■ Die PDS angesichts des Wahlmarathons 1994
: Zwei Kulturen unter einem Hut?

Im Unterschied zu den Ideologen der SED haben die Parteiintellektuellen der PDS Marx, Engels und Lenin tatsächlich gelesen. Aber im Gebrauch, den sie von den „Klassikern“ machen, unterscheiden sie sich nicht allzusehr von ihren Vorgängern. Es dreht sich vor allem um das richtige Zitat. André Brie hatte auf dem Parteitag der PDS am vergangenen Wochenende Friedrich Engels Aperçu zur Hand, wonach zwei Millionen Wählerstimmen (für die amerikanische Arbeiterbewegung) wichtiger seien als ein lupenrein marxistisches Programm. Paßt! Für die PDS ist es in der Tat nicht sonderlich bedeutsam, Tagesforderungen und Endziel (welches?) auf möglichst kunstvoll-dialektische Weise so zu verbinden, daß Pragmatiker wie Doktrinäre in der Partei gleichermaßen auf ihre Kosten kommen. Die Anwesenheit im nächsten Bundestag ist eine schlichte Überlebensfrage.

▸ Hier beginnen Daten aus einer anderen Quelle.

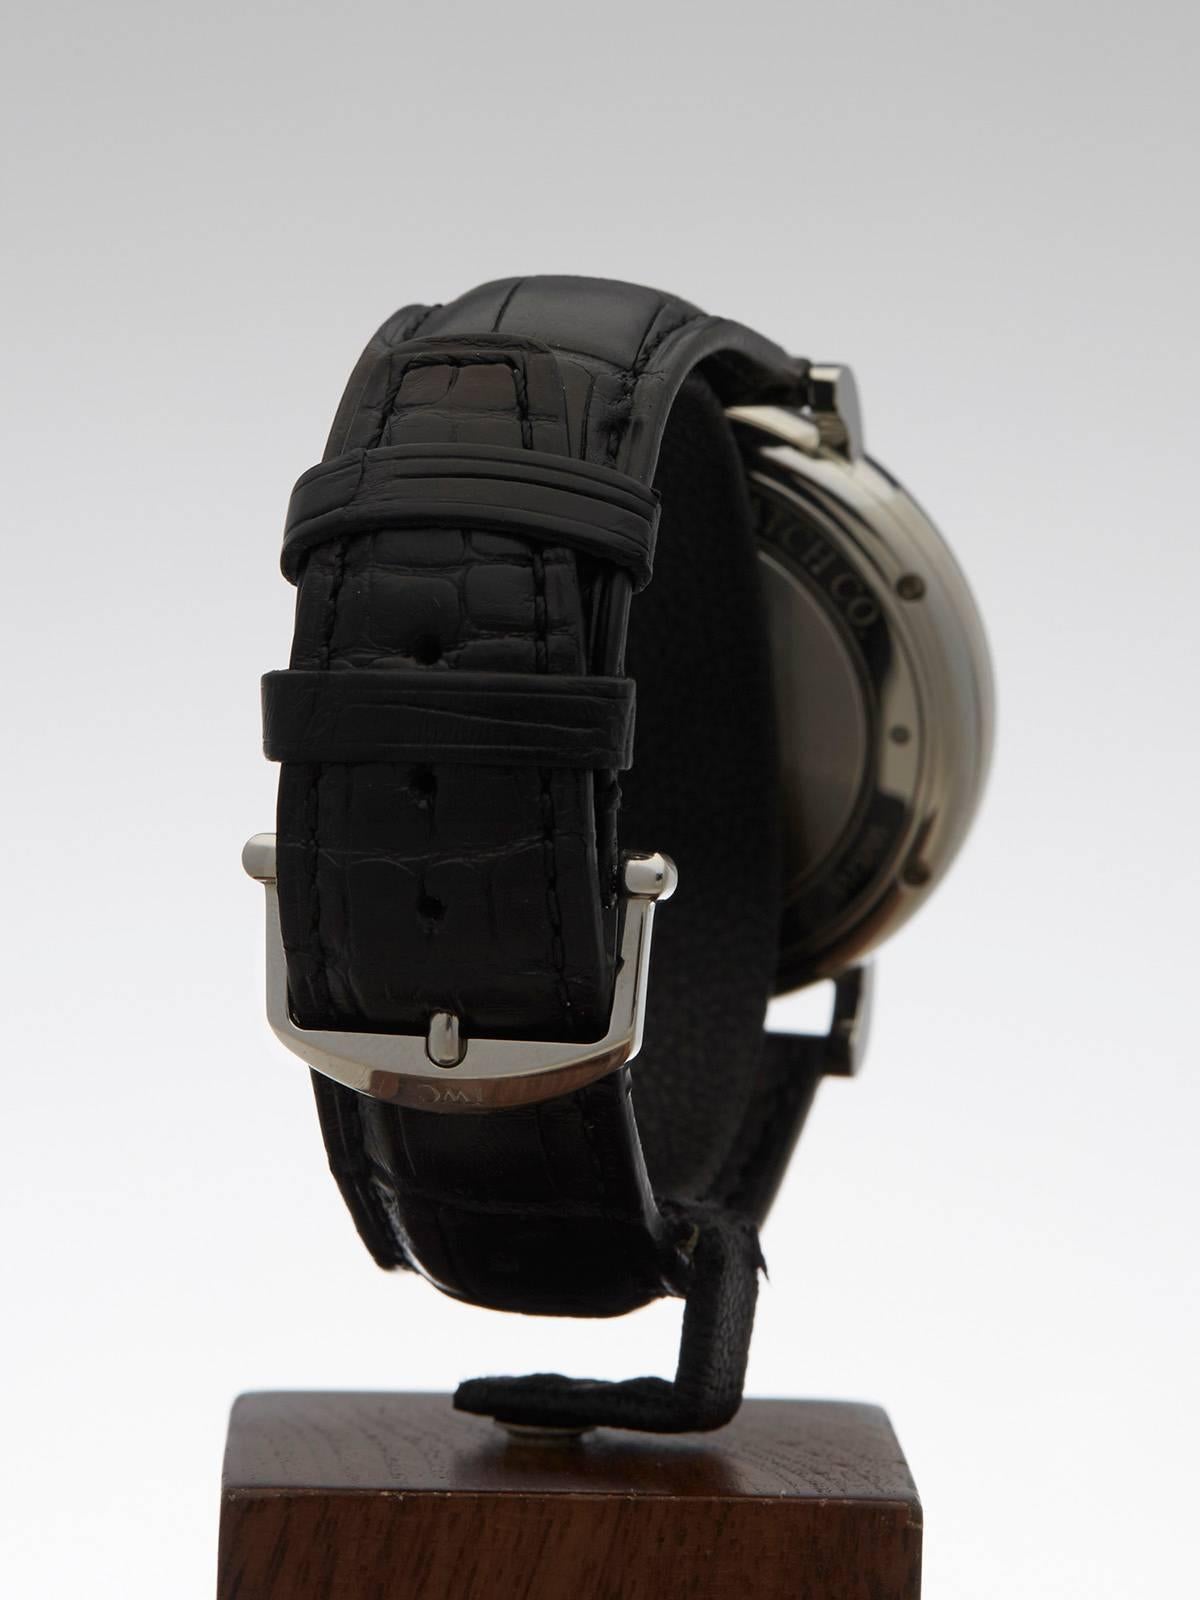  IWC Stainless Steel Portofino Automatic Wristwatch Ref IW356507 2014 4

Für die Einsicht in diese Notwendigkeit steht ein weiteres Zitat bereit, diesmal von Carl von Ossietzky. Der prophetische Herausgeber der Weltbühne mahnt 1932 die Linke, angesichts der tödlichen Bedrohung durch die Nazis gemeinsam dafür einzustehen, daß ihre Substanz – Organisation und Menschen – gerettet wird. Paßt nicht so ganz. Gysi selbst warnt davor, 1993 und 1932 einfach zu parallelisieren. Aber der Vergleich des Endes von Weimar mit dem gegenwärtigen Rechtsdrift in der BRD ist auch bei ihm allgegenwärtig. Er produziert bei den Delegierten einen Emotionsschub, der alles einschließt: den Kahlschlag durch die Treuhand, deutsche Soldaten in Somalia, die Massenarbeitslosigkeit und die jüngste Kette von Brandanschlägen. Die Herrschenden, so Gysi, stehen in Gefahr, die Lektionen zu vergessen, die die Weltwirtschaftskrise von 1929 auch für sie bereithielt – und die sie nach 1945 beherzigten. Sie müssen gezwungen werden, ihren ökonomischen und politischen Katastrophenkurs zu korrigieren. Daher die Losung: Linke Opposition gegen rechte Experimente!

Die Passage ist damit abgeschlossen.